The difficulty with genetic algorithms lies in the process of encoding and decoding. The carrier of genetic information is called a chromosome, which constitutes a candidate solution for genetic algorithms, and is typically presented using binary codes, strings, or data columns. The encoded solution is referred to as the genotype solution, and the actual solution, such as the scheduling scheme in this case, is referred to as the phenotype solution. The process of converting a phenotypic solution to a genotypic solution is called encoding and the process of converting a genotypic solution to a phenotypic solution is called decoding.

The process of solving the optimal solution of the scheduling model described above using a genetic algorithm may specifically include steps S121-S123, as shown in fig. 2.

Step S121 is: an initial population is constructed based on parameters of a workpiece and a plurality of batch processing devices, the initial population including a plurality of chromosomes, each chromosome corresponding to a scheduling scheme.

The parameters of the workpiece and the batch processing equipment are the workpiece parameters and the equipment parameters related in the scheduling model.

Constructing the initial population is the process of generating the initial solution. Since the objective of the genetic algorithm is to solve the optimal solution of the scheduling model, the initial solution needs to satisfy the scheduling model. For this reason, a corresponding coding design is required based on the constraints of the scheduling model.

Therefore, in one embodiment, as shown in FIG. 3, step S121 can be defined as steps S1211-S1212.

Step S1211 is: and setting the chromosome population scale.

Population size refers to the number of chromosomes.

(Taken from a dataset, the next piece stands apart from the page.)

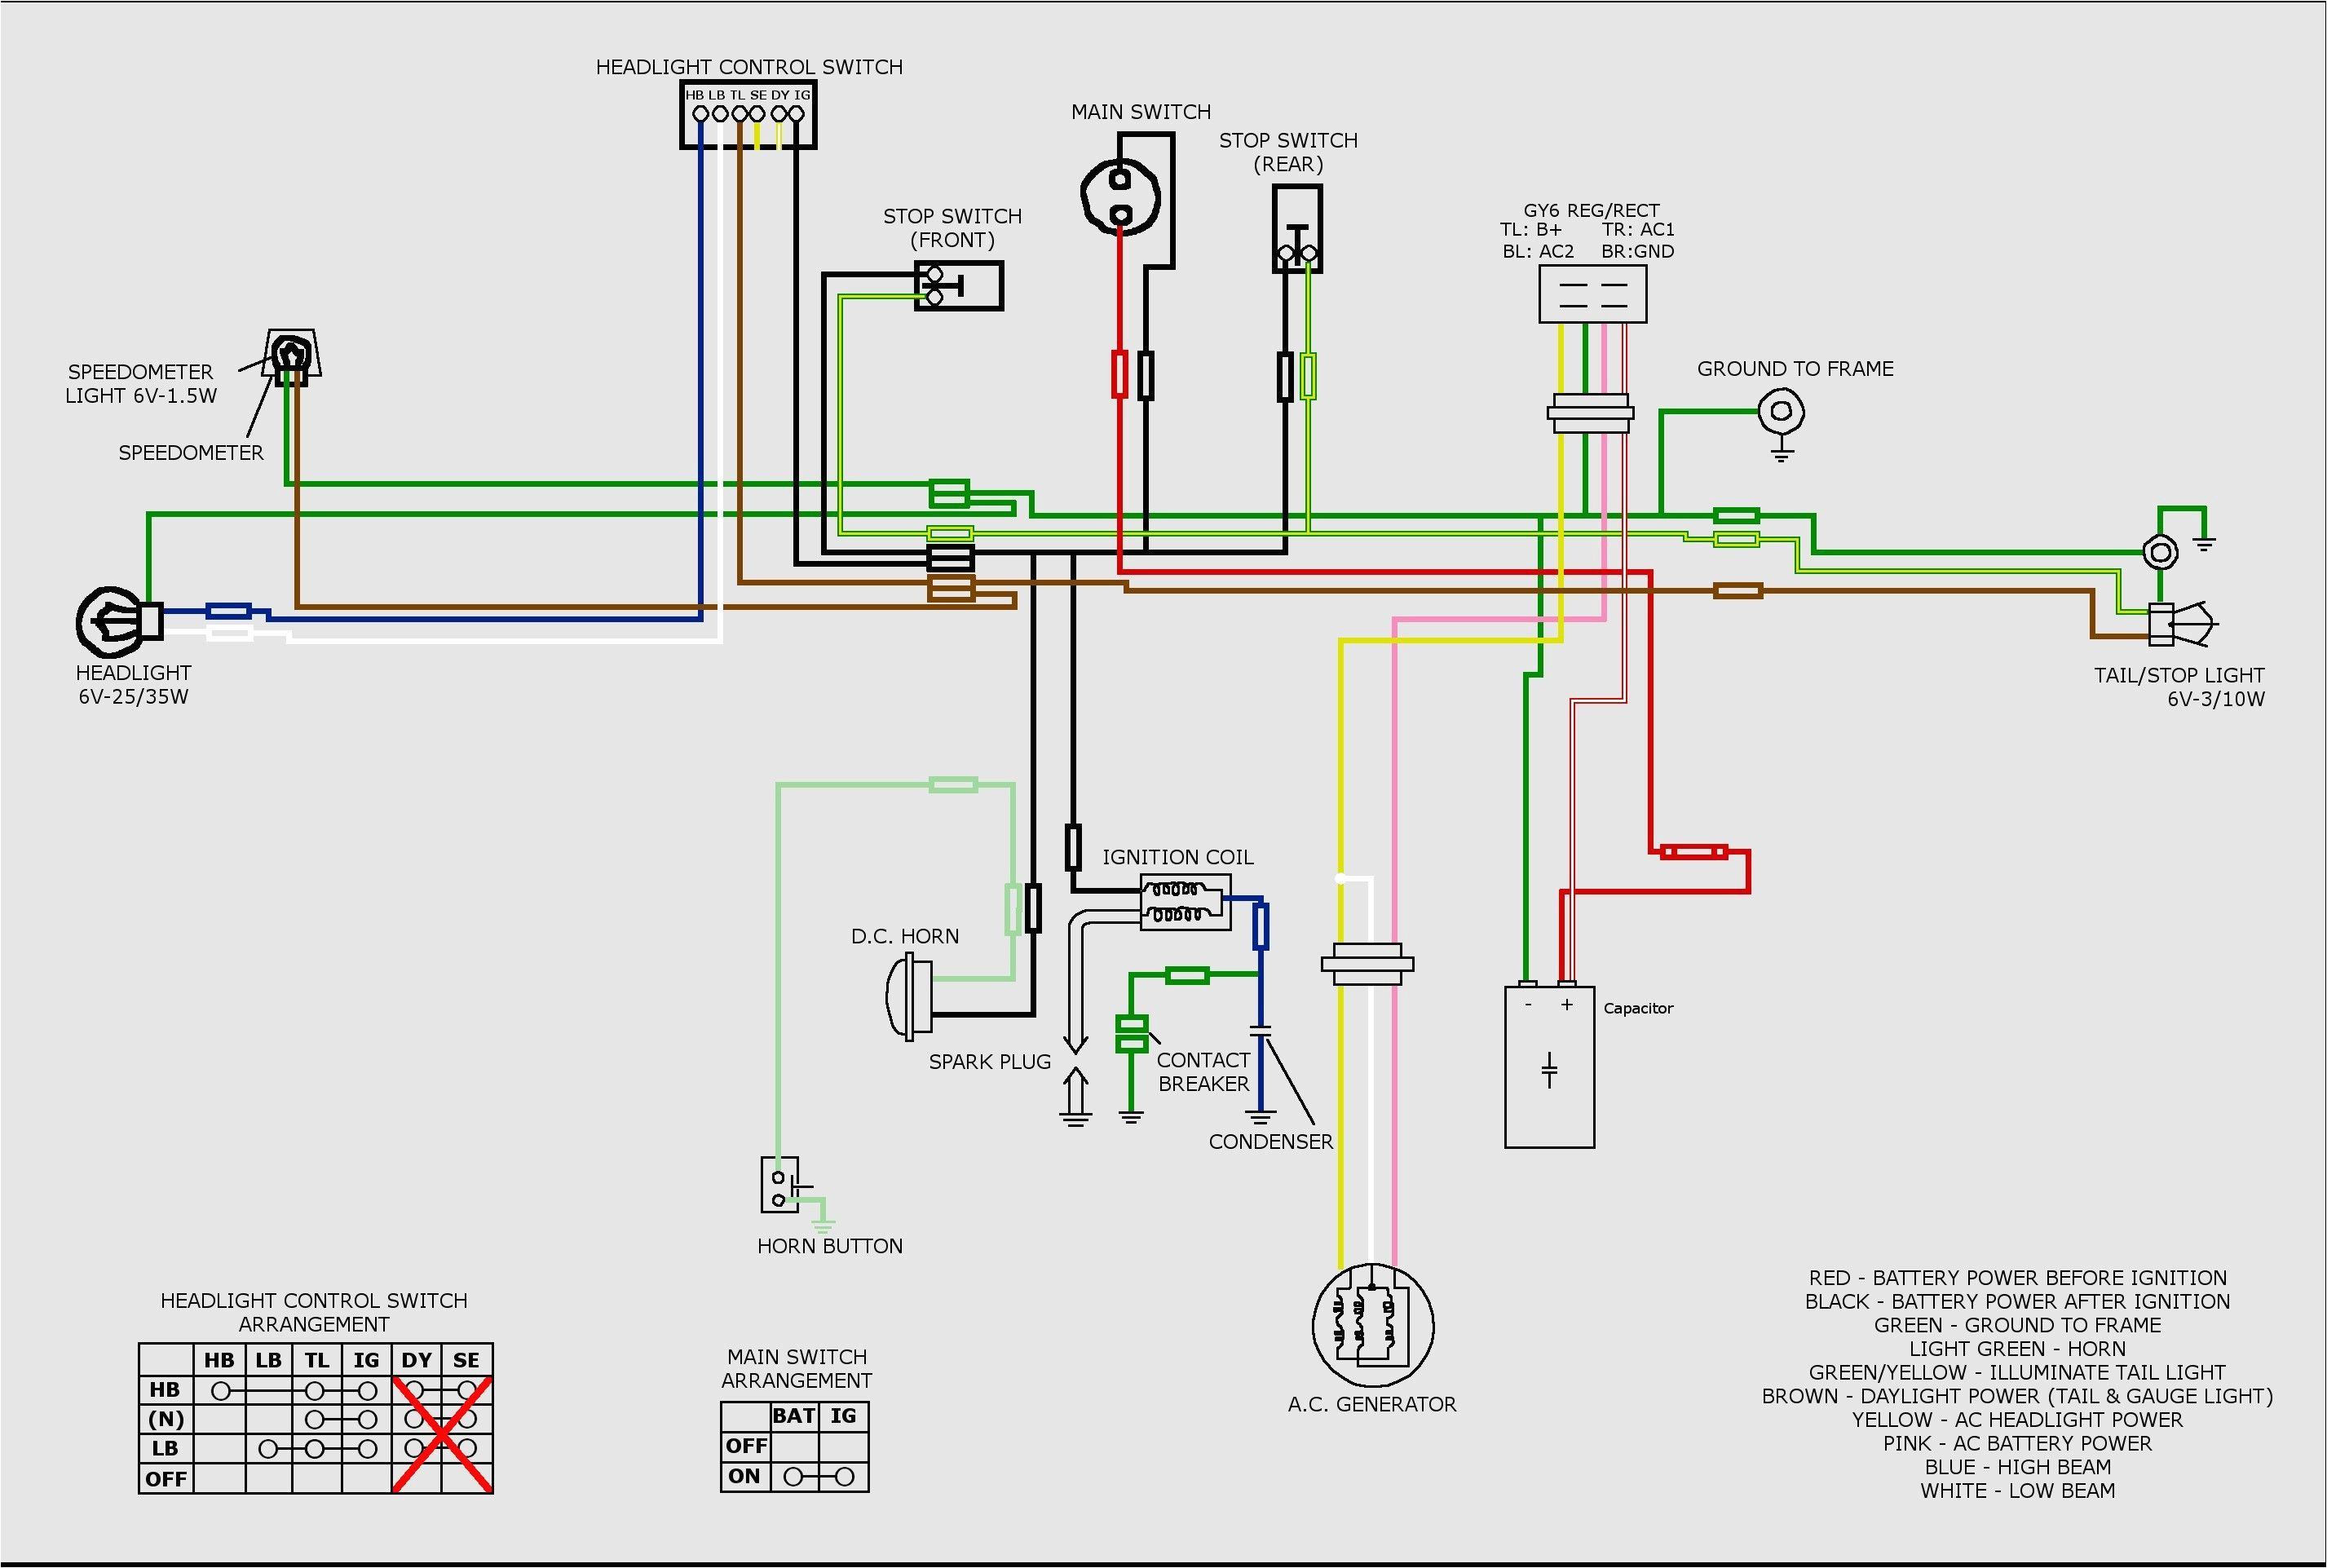 china 125cc wiring diagram wiring diagram today wiring diagram for 125cc atv

The setting of the population scale influences the effect of the genetic algorithm, under the condition of larger scale, the combination use of genetic operation is convenient, enough sample capacity is provided for the algorithm, the search result of the genetic algorithm is improved, and the probability of obtaining the optimal solution is correspondingly improved. However, if the scale exceeds a certain limit, the calculation amount of the chromosome fitness is increased, and the convergence rate of the algorithm is reduced. Therefore, the population size can be set according to actual requirements.

The population size is generally set to be between 20 and 200. Preferably, the population size may be set to 200.

Step S1212 is: generating the population-scale number of chromosomes to form the initial population based on the number and conditions of the workpiece and the plurality of batch processing devices using a two-layer coding design that conforms to the scheduling model.

Generating the initial population can generally be divided into two generation methods. The first is to determine the range of the optimal solution according to the actual problem, and select and determine the population from the range; and secondly, randomly generating a population, selecting a better chromosome from the randomly generated population as an initial population, and repeatedly iterating until the initial population meeting the population scale is obtained.

Aiming at the characteristics of batch processing problems, the invention adopts an improved initial population generation method, namely a double-layer coding design to generate an initial population. Specifically, the dual layer encoding includes a first layer encoding and a second layer encoding. Wherein the first layer of codes corresponds to a batch combination result and the second layer of codes corresponds to a batch scheduling result. Namely, the optimization target of batch combination and batch scheduling is comprehensively considered by the scheduling model by adopting a double-layer coding design.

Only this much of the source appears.